May 20th 06, 06:24 PM
Thanks for the links - helpful. She's more of a jittery cat than a
nervous cat and I think that her "aggression" may not be true
aggression. Since she spent so much time at the SPCA, most of the time
playing with other cats and kittens, I think that she never really
learned proper "human manners" and just plays rough. However, how do I
teach her that I'm not a cat! If she bites or claws me, I put her down
and ignore her, but sometimes she will jump at my leg.

CatNipped
May 20th 06, 06:33 PM
> wrote in message
oups.com...
> No, she has her claws. I am hesitant about declawing her b/c my vet
> says that sometimes makes them bite more. And she already put my on
> antibiotics when she bit me. I've never had a cat like this, all the
> rest have been calm and affectionate.

Your vet is right, that's why I asked.

First you have to figure out why she's biting. Is she becoming too
stimulated by play or petting? [Be sure you play with her *only* with toys
and not with your hands.] If it's from too much petting you'll have to
learn to watch for the signs she's getting enough *before* she bites. Look
for twitching tail, ears laid slightly back, back twitching, very low
pitched growling or grumbling, or increased respiration. Once you start to
see those signs stop petting her immediately and set her down to let her
calm down [and BTW, don't ever pick her up when she doesn't want to be
picked up - let her come to you]. It's always better to leave her wanting
more petting than to over-stimulate her into biting and having that become a
behavioral problem.

What you'll have to do next is start behavioral modification when she does
bite you. First, as soon as she gets too rough with you give a high-pitched
"MEW" - this is a kitten's signal to another kitten that they've gotten too
rough - it should make her immediately stop her agression. Next, and this
is the hardest thing to do - going against your every instinct, don't pull
your hand back when she bites down on it - shove it slightly forward
instead. This not only contradicts a prey's behavior in nature and throws
her a surprise, it will make her gag her mouth open enough for you to
withdraw your hand more easily with less damage to yourself (everything in a
cat's mouth, teeth, tongue, and its structure, is designed to pull things
inward that are struggling to get outward). Next, after the bite, give her
time-out in another room with no distractions.

Having a cat whose a biter (I was ignorant and had her declawed before I
even knew what that entailed), I would advise you to keep current on your
tetanus shots.

--

Hugs,

CatNipped

See all my masters at: http://www.PossiblePlaces.com/CatNipped/

jmc
May 20th 06, 07:59 PM
Suddenly, without warning, exclaimed (5/20/2006
1:24 PM):
> Thanks for the links - helpful.

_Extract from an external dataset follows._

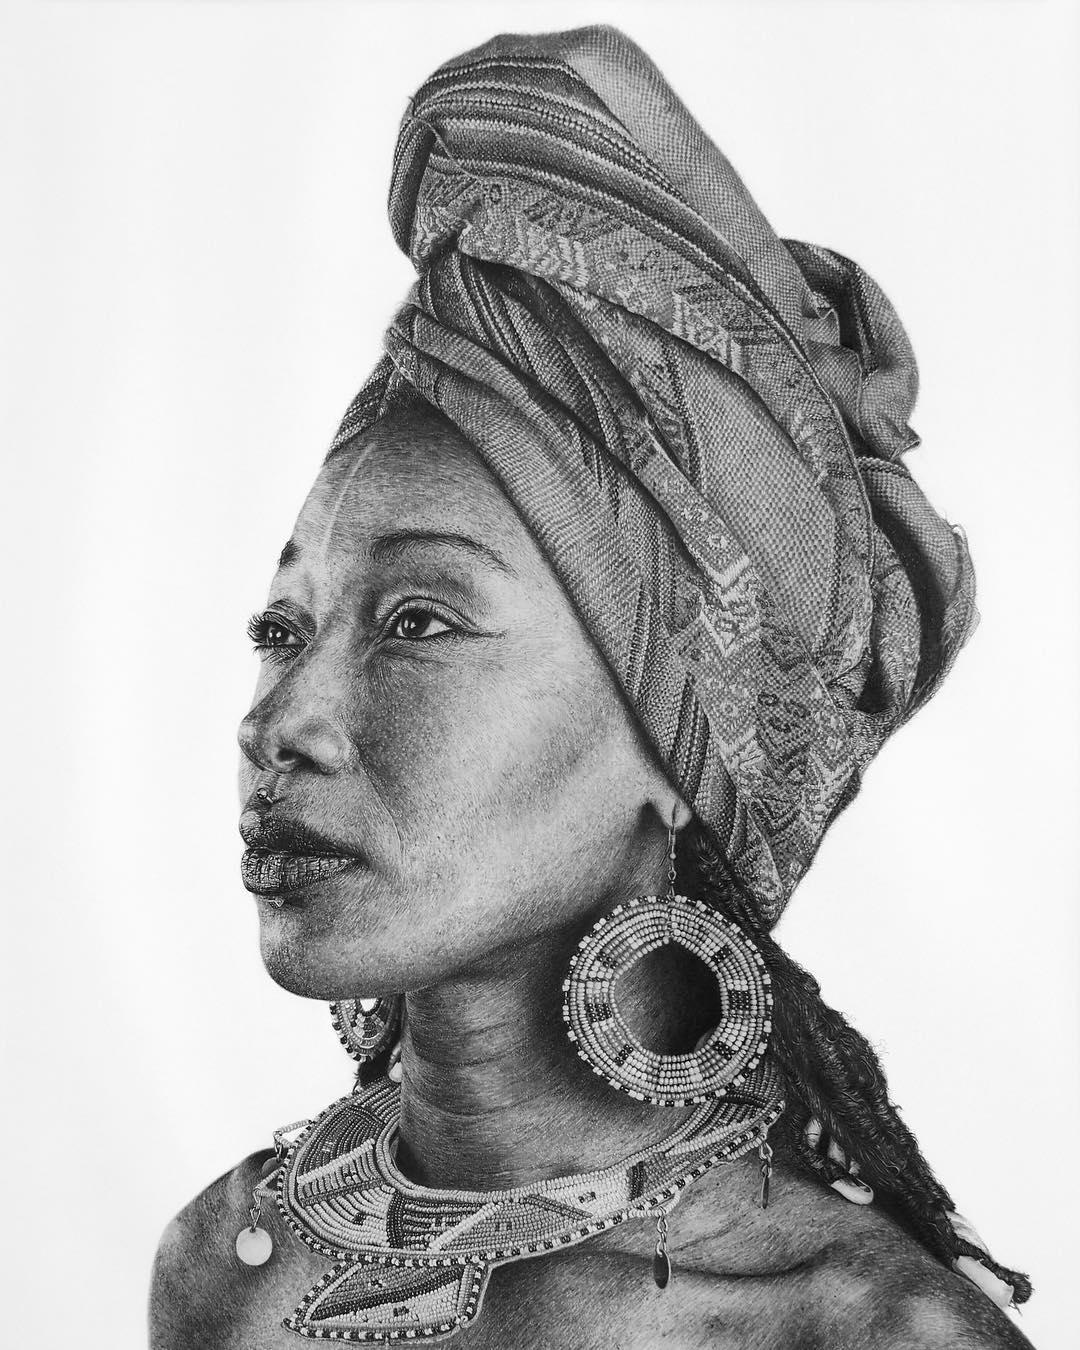 01-Fatoumata-Diawara-Monica-Lee-zephyrxavier-Eclectic-Mixture-of-Pencil-Wild-Life-and-Portrait-Drawings-www-designstack-co

She's more of a jittery cat than a
> nervous cat and I think that her "aggression" may not be true
> aggression. Since she spent so much time at the SPCA, most of the time
> playing with other cats and kittens, I think that she never really
> learned proper "human manners" and just plays rough. However, how do I
> teach her that I'm not a cat! If she bites or claws me, I put her down
> and ignore her, but sometimes she will jump at my leg.
>

You've mentioned that she was "tiny" when you adopted her. How old was
she? Kittens that are adopted out too early often have socialization
issues... 5 weeks is too young. I know, when I was young and ignorant I
adopted a kitten at 5 weeks, she had problems - she was more of a biter
than Meep is (adopted at 12 weeks), and she was also a "knead and drool"
cat, even as an adult. I learned later this is a common problem in cats
taken from their mothers too soon. She was very poorly socialized and
simply could not interact with other cats.

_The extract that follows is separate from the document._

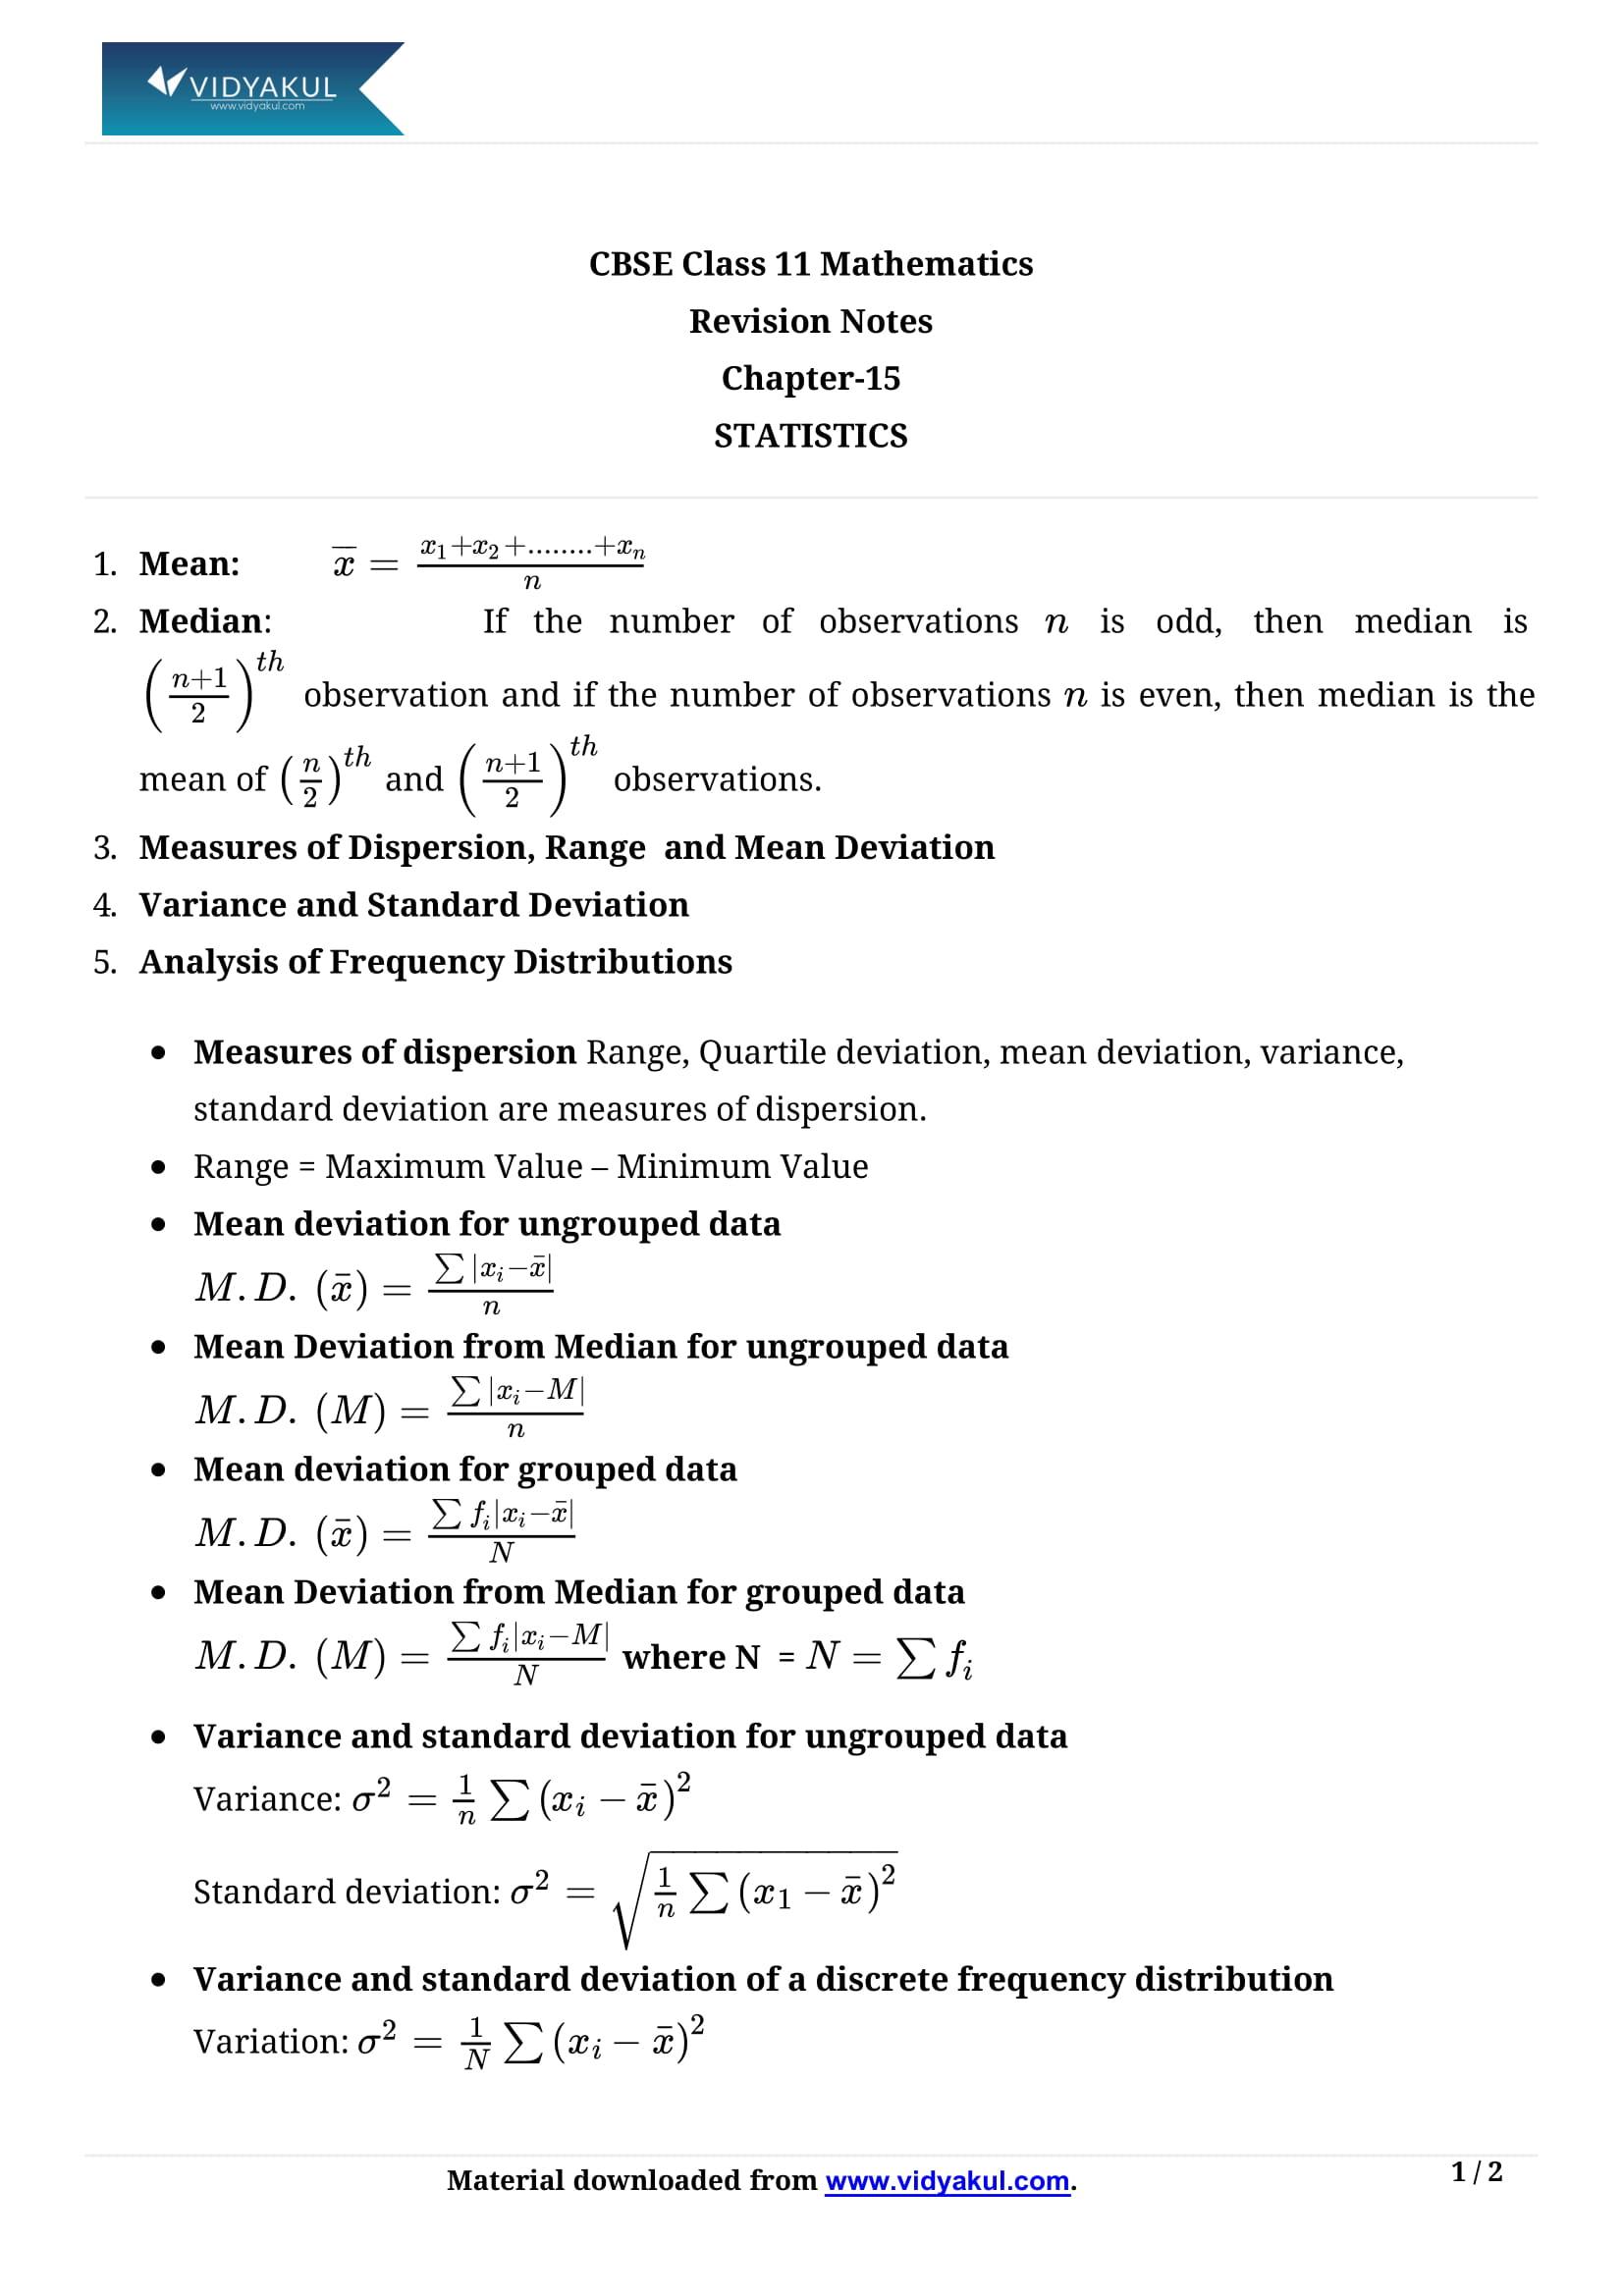 Statistics Class 11 Formulas & Notes   Vidyakul

CatNipped gives some excellent advice in dealing with her biting. I
used a very similar method when teaching Meep not to bite, though she
was never as bad as your cat sounds. Interestingly enough, she made an
interesting leap of logic: biting is not allowed, but licking is. For
a while, when she'd want to bite me, she'd make a motion like she was
going to, but instead would start licking me furiously!